Bart de Langhe, an assistant professor of marketing at Leeds School of Business at the University of Colorado, used to accept numerical reviews online implicitly. Then, when his son was born three years ago, he needed to buy a car seat. De Langhe noticed that the seat rated lowest by Consumer Reports got a high rating on Amazon, and the one rated highest by Consumer Reports received a low rating on Amazon.

The more popular seat on Amazon was also more expensive. Were reviewers, he wondered, paying more attention to things like price and brand than the objective, measurable ability of the seat to protect its occupant? With two other researchers, Philip Fernbach and Donald Lichtenstein, de Langhe began a study that compared online reviews for items like air-conditioners and car batteries with the evaluations in Consumer Reports.

“Navigating by the Stars” was published in April in The Journal of Consumer Research. After analysing 344,157 Amazon ratings of 1,272 products in 120 product categories, the researchers found “a substantial disconnect” between the objective quality information that online reviews actually convey and the extent to which consumers trust them.

In other words, the consumer saw a number — 4.6 stars out of 5 — and took it much more seriously than it merited.

Nearly half the time, Amazon reviewers and the Consumer Reports experts disagreed about which item in a random pair was better. Moreover, average user ratings did not predict resale value in the used-product marketplace, another traditional indicator of quality.

Julie Law, a spokeswoman for Amazon, said “Amazon customer reviews reflect the feedback, tastes and concerns of real customers, not professional reviewers. That’s what makes them powerful.” She also said the company was now giving more weight to the most recent helpful reviews from purchases that were verified.

De Langhe stuck with this recommendation: “You should rely much less on reviews than you currently do.”

That would be hard, because consumer reviews have wormed their way into offline life. In Amazon’s first physical bookstore, opened in a Seattle mall, good reviews from readers both help get the books selected for the store in the first place, and then are used to compel a sale. So the potential buyer is told via a “shelf-talker” — a card below the book — that Vladimir Nabokov’s “Lolita” was awarded 4.2 stars by readers, while George Orwell’s “1984” got 4.5 stars, as did “Pride and Prejudice.”

The store also carried some novels that are self-published or from small publishers, and these often seemed to receive better ratings than the classics.
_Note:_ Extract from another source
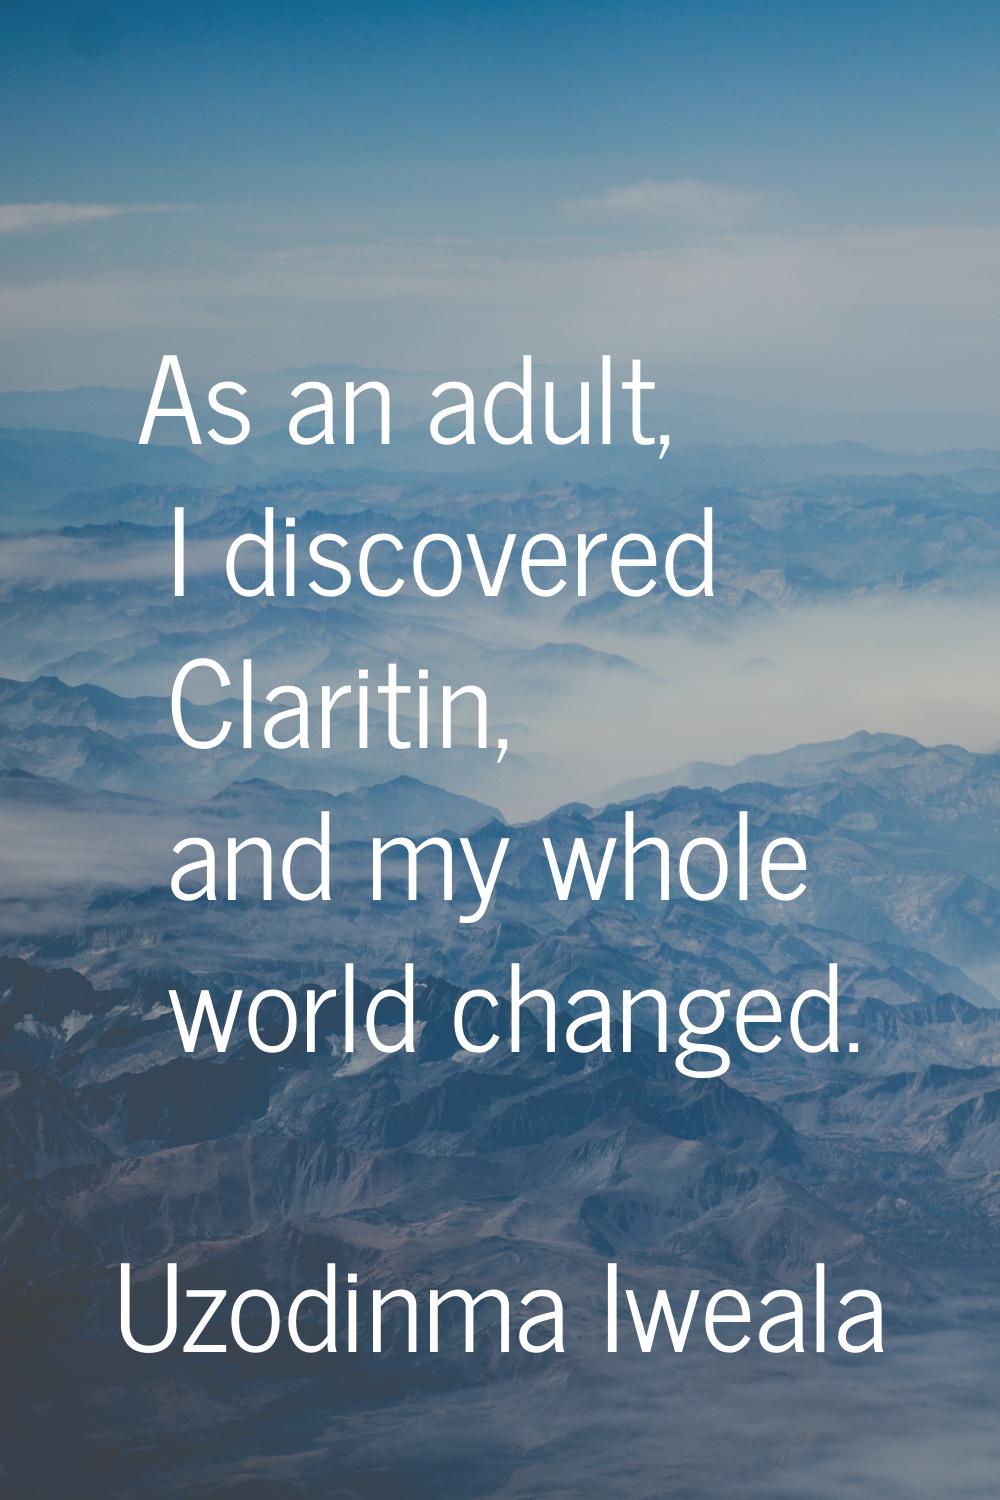 As an adult, I discovered Claritin, and my whole world changed.

Tamara Lyon’s “Post-Traumatic Brazilian Wax Syndrome,” in which an interior designer named Bristow Sparks tries to regroup after colliding with a park bench on a first date and suffering other disasters, got 4.7 stars.

Jordan Nasser fell just shy of a perfect score with his first novel about a gay New Yorker returning home to Tennessee, “Home Is a Fire.” He got 4.9 stars.

In an email from Stockholm, where he is now living, Nasser said the praises were an embarrassment of riches.

“Honestly, I wish ‘Home Is a Fire’ had received more three- and four-star reviews, in order to balance out the final result, because I think the sequel, ‘The Fire Went Wild,’ is a much better book,” he wrote.

In any case, Nasser said his book was not comparable to the classic books with lower ratings. “Absolutely not, and I would never imply that in any way,” he said.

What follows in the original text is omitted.